How Adler uses feminist ideas to challenge Jewish law.
In Engendering Judaism, Adler selected the issue of marriage as a means to illustrate the nature of her overarching approach to Judaism. She noted that classical halakhah employed the metaphor of kinyan (acquisition) to grant religious sanction to the relationship that is created between a man and a woman when they marry.
Adler condemned this metaphor as inappropriate for two principal reasons. First, in the traditional marriage ceremony it is the husband who "acquires" the wife. This was clearly offensive to her egalitarian sensibilities.

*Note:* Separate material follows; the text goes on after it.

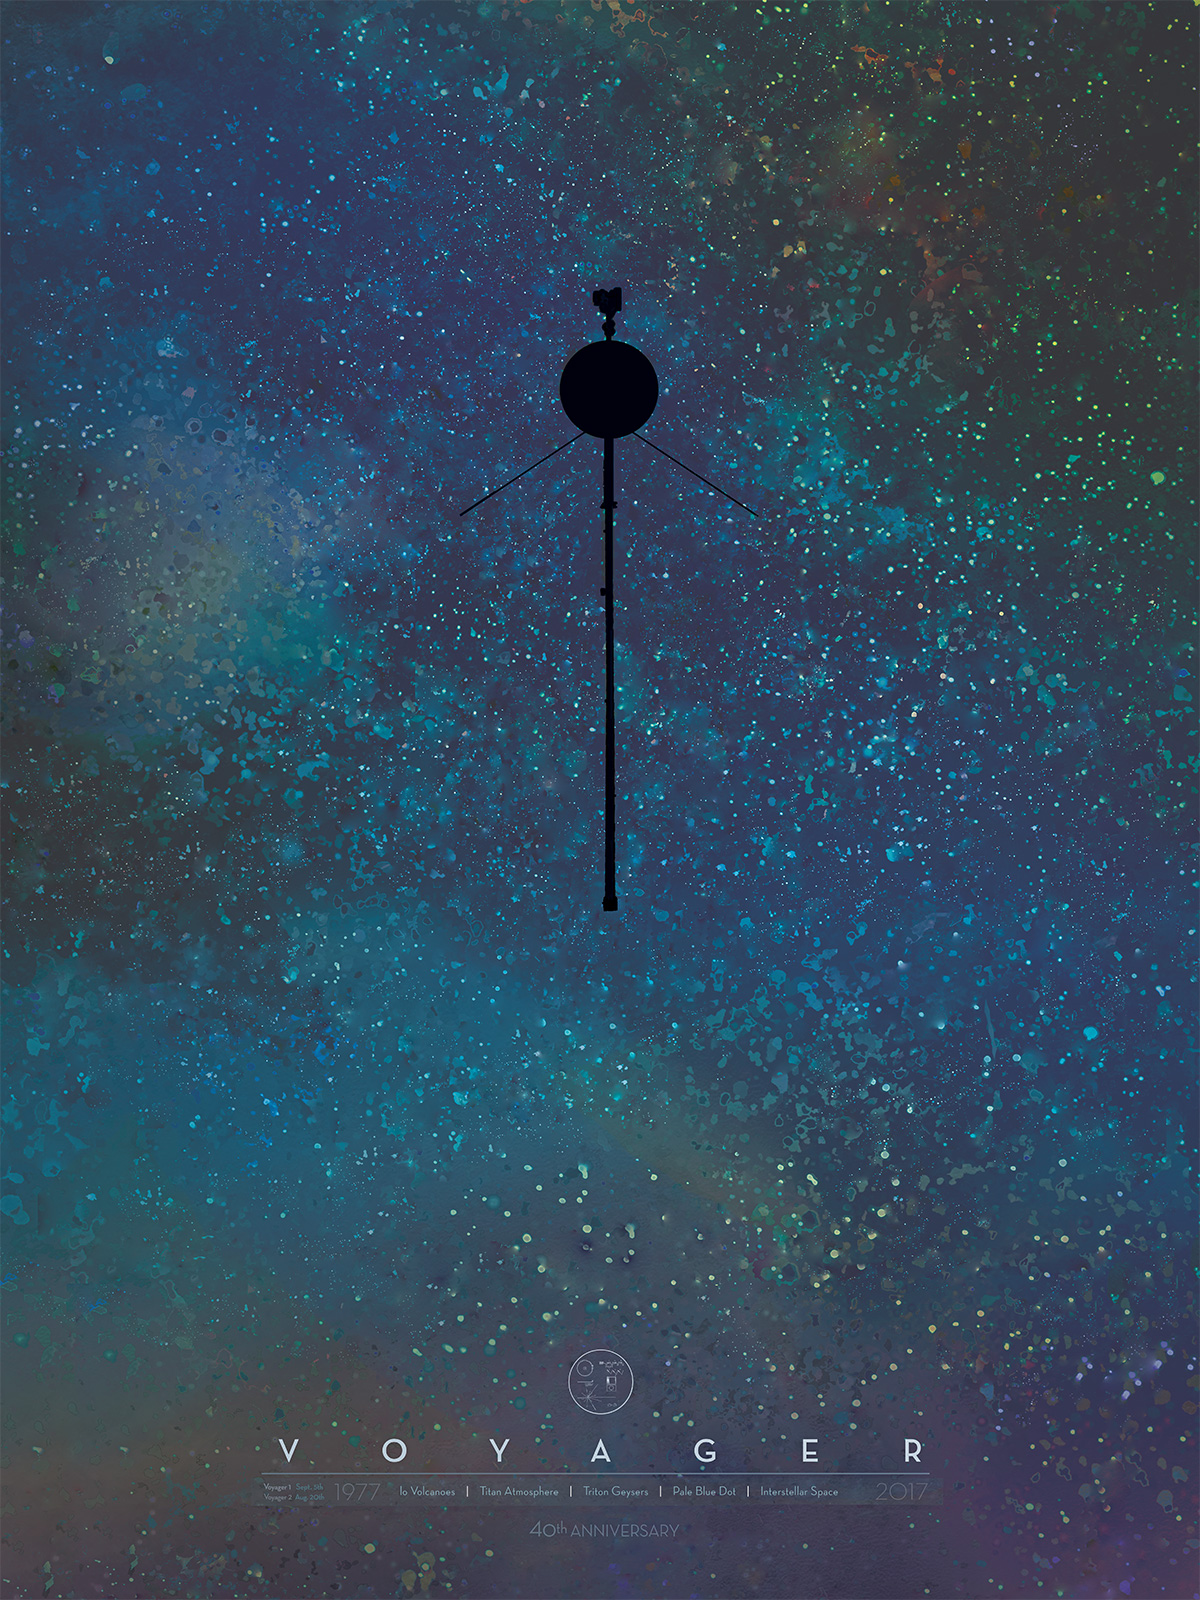 Voyager 1 Milky Way - HD Wallpaper

More significantly, Adler maintained that a "metaphor of acquisition" failed to express the feelings of reciprocity and concern that more properly characterize the bonds that obtain between two persons who wish to sanctify their devotion to one another as permanent partners.
Adler therefore turned to the notion of covenant and maintained that this ideal provided a more fitting metaphor for the relationship of mutuality and love that existed between these two people. Drawing upon diverse examples of covenantal commitment and care found throughout the tradition, Adler composed a document she entitled a Brit Ahuvim, a Lovers' Covenant that could be used by both heterosexual and same sex couples to celebrate and consecrate their enduring connections.
In writing this document Adler granted ritual expression in the realm of praxis to the theological ideals she had articulated and employed Jewish law and texts in an original and innovative manner. Her book provided a bold understanding of how the resources available in the tradition could be reconstructed and reconfigured to provide novel directions for Jewish life and thought.
Adler has continued to be a productive author whose writings touch on a wide array of topics. While her approach to these subjects--ranging from sexual abuse and exploitation to the Holocaust--remains grounded in feminist thought, she also employs diverse literary and social scientific methods to approach topics of concern to men and women, Jews and gentiles.
Her current research centers around issues of individual suffering and pain and she plans to produce a book-length treatment on this topic in the near future. Rachel Adler is by all standards one of the preeminent "mothers" of modern Jewish feminism who has been responsible for moving feminist concerns and sensibilities from the margins to the center of modern Jewish life and thought.
She will undoubtedly continue through her ongoing writings to promote these concerns even more and to enhance her position as one of the most significant Jewish theologians of the modern era.